An excellent article by Qaiser Bengali. It sums up all that we have already discussed at Gupshup. Explains why Nawaz is so obsessed about Ch. Iftikhar’s reinstatement even when the country is facing severe problems at the economic front and also Taliban insurgency.
DAWN.COM | Pakistan | Behind PML-N?s outrage
The PML-N has chosen to place the restoration of Iftikhar Chaudhry above the imperatives of a serious economic crisis and the security challenges facing the state of Pakistan, with insurgents striking in Punjab as well, including in the heart of Lahore. It was perplexing to find that hours after the terrorist attack on the Sri Lankan cricket team in Lahore – an event with international repercussions – Shahbaz Sharif addressed a press conference and continued to dwell upon the issue of restoration of the judiciary. This single-minded pursuit of a one-point agenda to the exclusion of all else merits a closer analysis and explanation.
The answers to the conundrum can perhaps be found in the arithmetic of electoral results. It is pertinent to note that, despite being billed as one of the two national parties with Nawaz Sharif as a national leader, the PML-N has emerged in the 2008 elections as a regional party representing Punjab and Hazara. The party has no representation whatsoever at either the national or provincial levels in Sindh and Balochistan or from the majority Pakhtun areas of the NWFP. That PML-N has been able to carry forth its current campaign only in northern Punjab cities underlines its geographically narrow political base.
PML-N’s jettisoning of the parliamentary route can, therefore, be attributed to the fact that it does not command the numbers in the National Assembly and in the Senate to be able to possess an effective say in national decision-making. The recent Senate election underscored the PML-N’s marginalisation, except in Punjab. Its coalition status government in Punjab did provide it with a tenuous hold therein. However, seasoned power brokers know that real power rests in Islamabad. And having been in power for most of the last 30 years, Nawaz Sharif is fully aware of this reality. Of course, the PML-N can wait for the next elections due in 2013 to improve its electoral fortunes, but appears to be unwilling to sit out of the corridors of power for that long. This may explain its current confrontational extra-parliamentary politics.
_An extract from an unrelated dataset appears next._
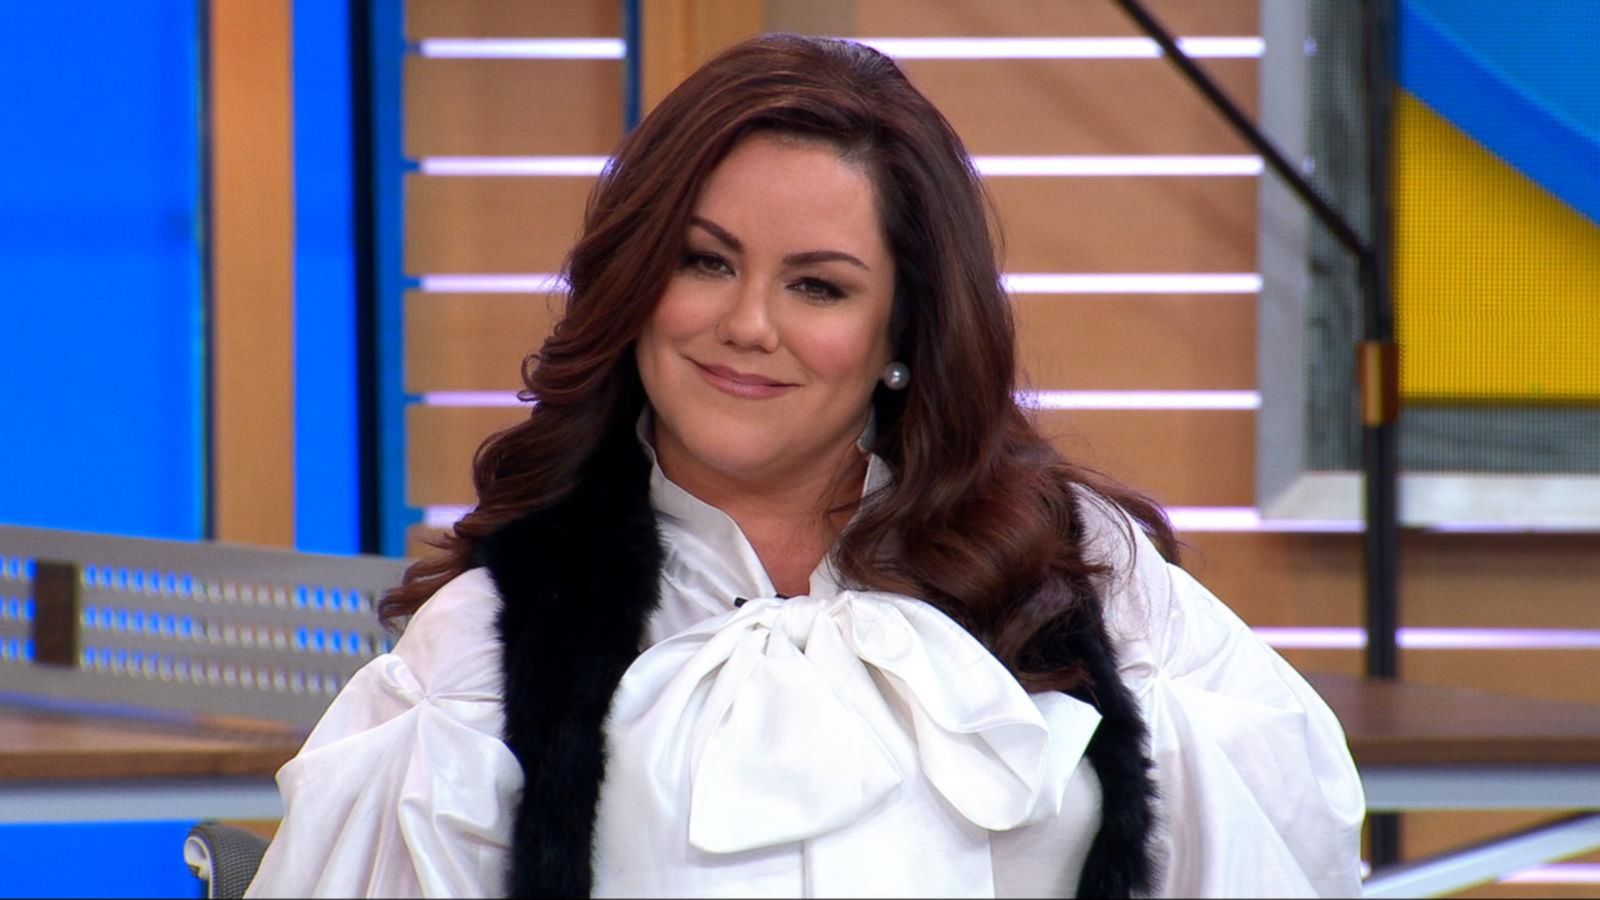 Hilarious American Housewife Star Katy Mixon Tells Us About Her Funny

The alleged unwillingness to remain in opposition for another four years also needs to be accounted for. Two explanations can be forwarded. One is that the Punjabi elite has held virtually absolute power since the military coup in 1977. However, the party configuration in parliament that the 2008 elections has thrown up has placed regional forces from Sindh, the NWFP and Balochistan in a decisive position and they are asserting their claims on state resources.
Resultantly, the Punjabi elite is no longer in a position to use its hitherto near-monopolistic influence in the federal government to sway resource-allocation decisions. And having thrown its weight behind the PML-N, it now finds itself on the wrong side of the power fence. Thus, its backing of the PML-N attempts to create centres of power outside parliament.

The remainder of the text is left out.